Examples of this co-operation are too numerous for me to list them all here, but I mention the agreement entered into between the Commonwealth and Queensland Governmentsin1962to develop 41/4 million acres of land for beef production in the brigalow belt of central Queensland, with the Commonwealth providing $14.5 million to finance the scheme. Despite severe drought conditions in 1964 and 1965, good progress has been made in development of the area and, as recently as last Friday, I talked in Canberra with the Premier of Queensland about a similar scheme for a further area of nearly six million acres in central Queensland.

Expansion in the mining industry has been the most spectacular development in the north in the post-war period. New industries have been established at a number of places - bauxite development at Weipa and Gove, manganese at Groote Eylandt, iron ore on the northwest of Western Australia, and at two centres in the Northern Territory, and coal at two centres in central Queensland. In addition, considerable expansion has taken place at Mount Isa, involving private investment of some $130 million. In this case, the Government has made this development feasible by providing $34.5 million towards the cost of reconstruction of the railway to Townsville. In the case of the bauxite deposits at Gove in the Northern Territory, the Government has negotiated arrangements for development of the field by a company with 50 per cent. Australian equity and with conditions requiring establishment of a plant on the site to process bauxite into alumina.

The Commonwealth Government through its financial assistance in connection with the beef cattle roads has made an enormous contribution to the development of better road transport facilities throughout Northern Australia leading to a larger turn-off of cattle. Drought effects were alleviated by movement over these roads to better pastures. Since 1961-62, approval has been given for assistance totalling $41.5 million towards the construction and up-grading of roads for cattle transport in Queensland, Western Australia and the Northern Territory.

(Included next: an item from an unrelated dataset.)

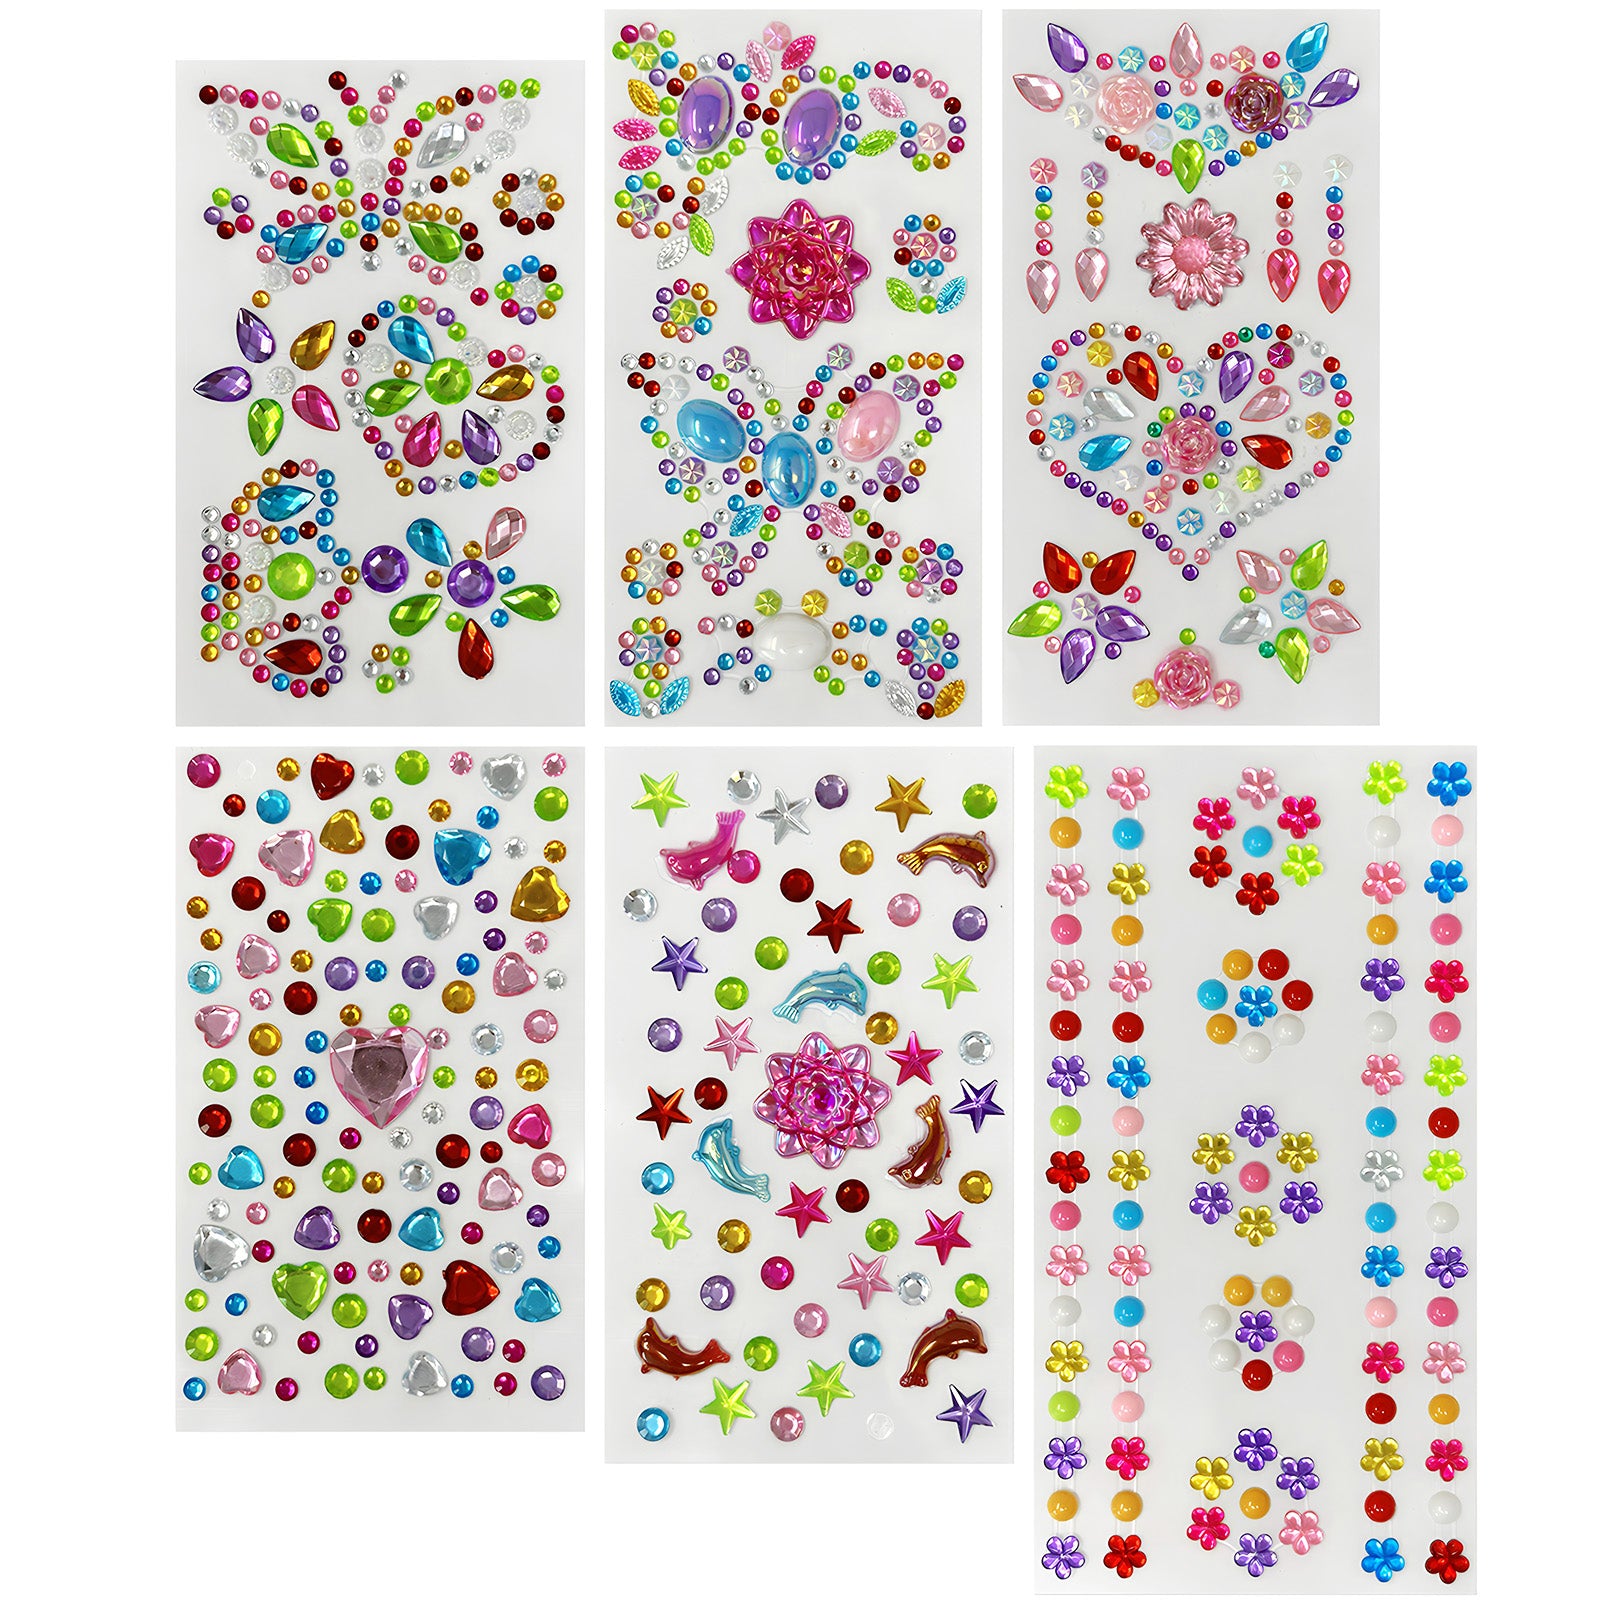 Wrapables Crystal Rhinestone Gem Stickers, Bling Jewel Adhesives for DIY Arts & Crafts, Smartphones, Water Bottles, Sunglass Cases (Set of 6) Floral

The sugar industry which supports the bulk of the population in the north of Queensland has gone through a phase of expansion since 1950 with acreage and output both increasing by approximately 100 per cent. This expansion has been made possible by the successful negotiations of the Government which have enabled it to establish markets at home and abroad to absorb the increased output. Development of the industry over the past 15 years has led to substantial growth of cities and towns on the north Queensland coast and to development and modernisation of harbour and transport facilities.